The above is still sort of inadequate, because a motivated player can find a way around it -- for example by asking the wizard to polymorph the druid's leather armor into plate mail, or by asking the fighter to knock the druid out and dress them in plate armor while they're unconscious.

The problem we're having here is arguably caused by a failing of the 5e Player's Handbook, which states that the druid will not wear metal armor, but doesn't otherwise describe the consequences. To fix the problem, you need to do some worldbuilding. What happens to a druid that wears metal armor, perhaps against their will? You need to fill those details in. Ultimately, you want to tell the druid something like: "well, technically you can choose to wear the metal armor, but it's a really bad idea because you'll face the following consequences..." Make up some consequences so horrible that no sane druid would ever wear the armor.

Druid: I put on the chain shirt.
DM: You think about putting on the chain shirt and you can sense clearly that it would lead to disaster. If you turn your back on Nature in this way, then Nature will turn its back on you, and the ways of the animals will be forever closed to you. Are you sure you want to do this?


Druid: I put on the chain shirt.
DM: You think about putting on the chain shirt and for some reason it fills you with dread. You get images of shackles, chains, manacles, closing about your body, cutting off your freedom, cutting off your connection to the world -- it's so simple an act, but it's the most horrifying thing you've ever comtemplated. If you're sure you want to do this, I need you to make a Charisma save -- and I'll need more saves, regularly, not to panic once the metal is around your body.

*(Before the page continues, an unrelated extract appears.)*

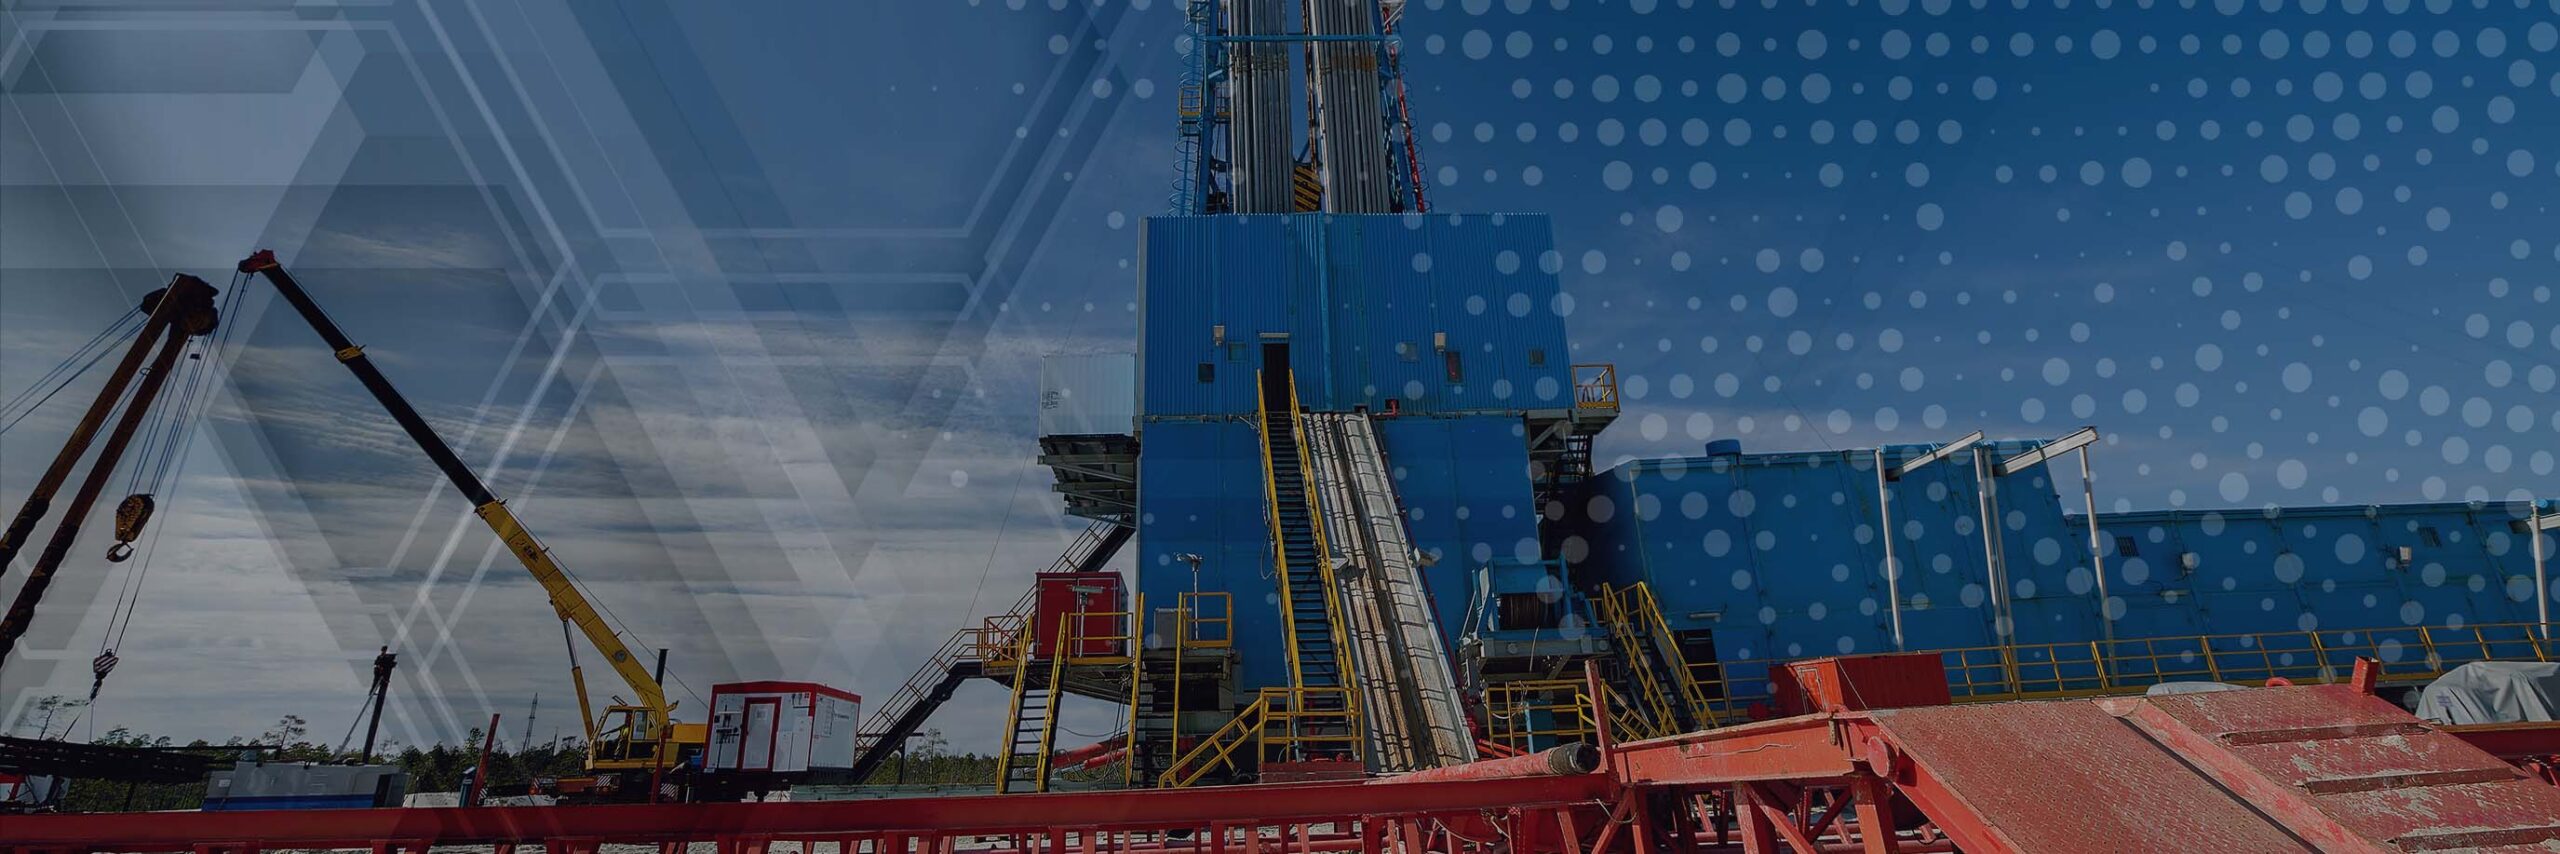 MENA Onshore Drilling Rig Market Forecast
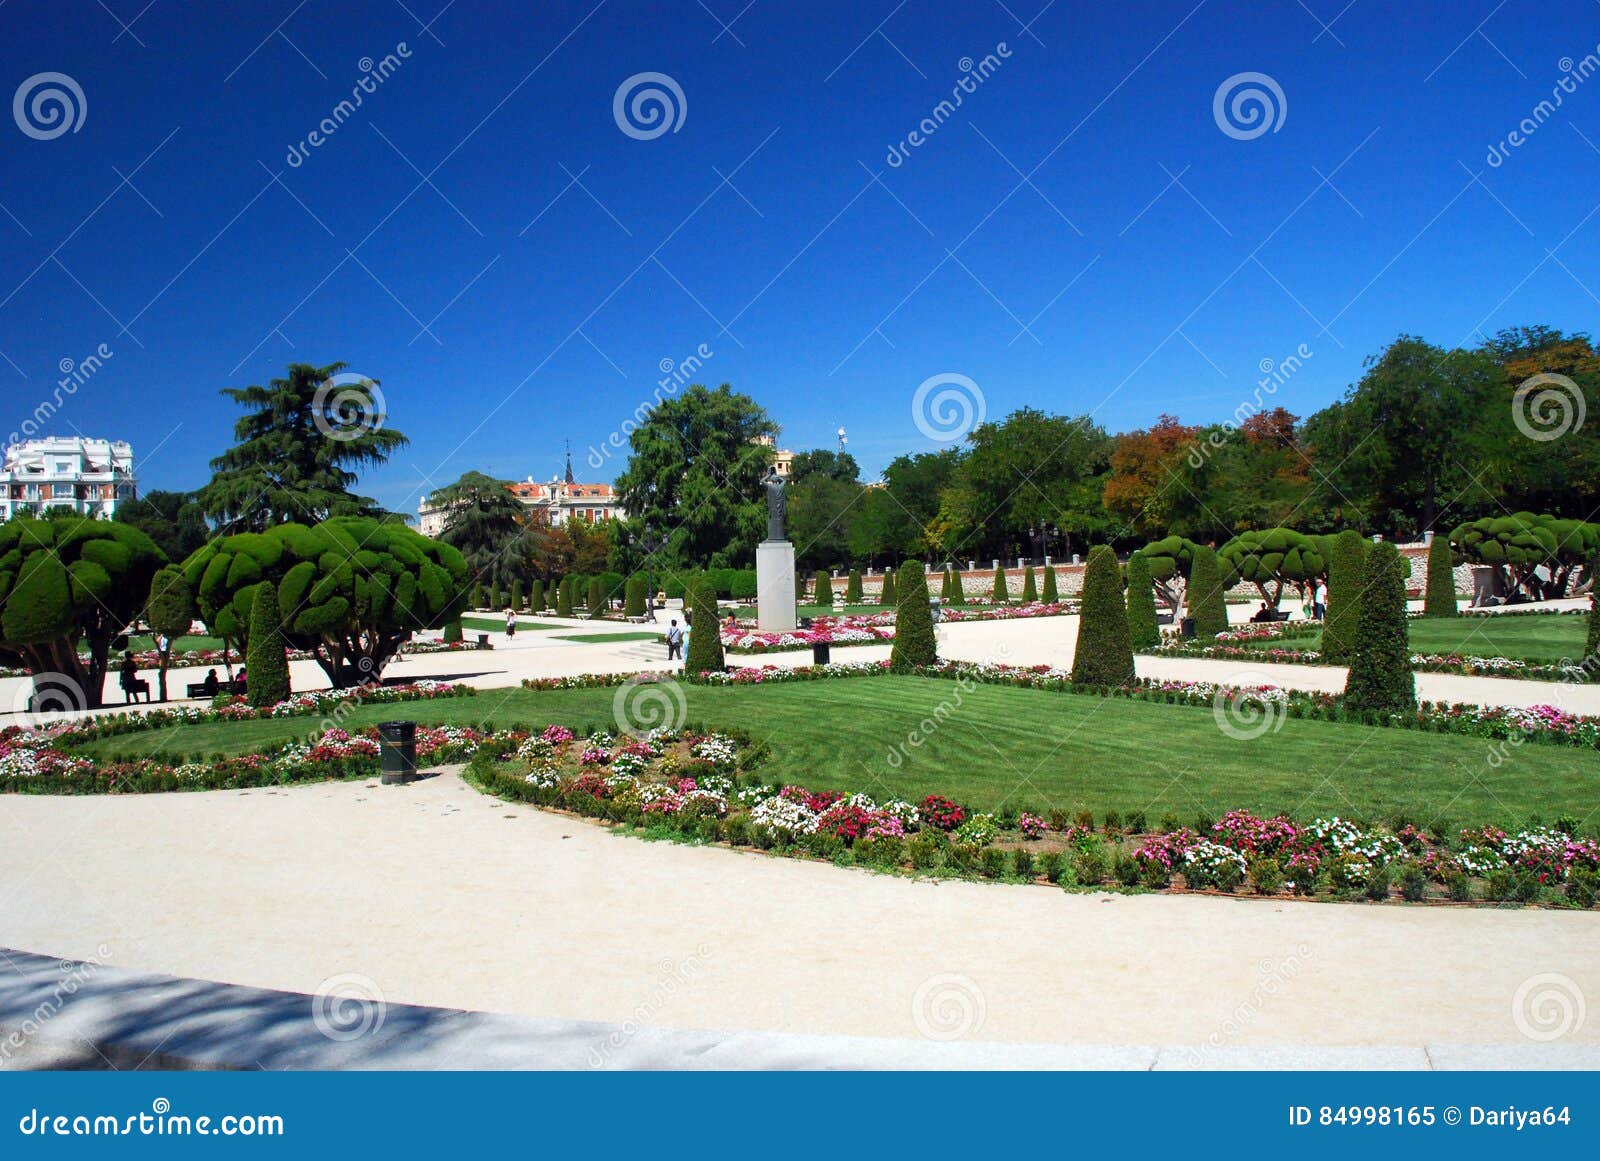 royal botanical garden of madrid, spain

Druid: I put on the chain shirt.
DM: The 5e rules don't say anything about what happens if a druid wears prohibited armor -- they just say you can't do it -- so we're going with the 3.5e version instead. If you wear prohibited armor, you lose all your druid class abilities, including access to druid spells, while wearing the armor and for 24 hours thereafter. Do you still want to do this?

Now that you've phrased it like this, it's no longer denying the character's agency -- now you're technically offering them a choice, but a choice that is heavily weighted so that it's functionally identical to the Player's Handbook rule.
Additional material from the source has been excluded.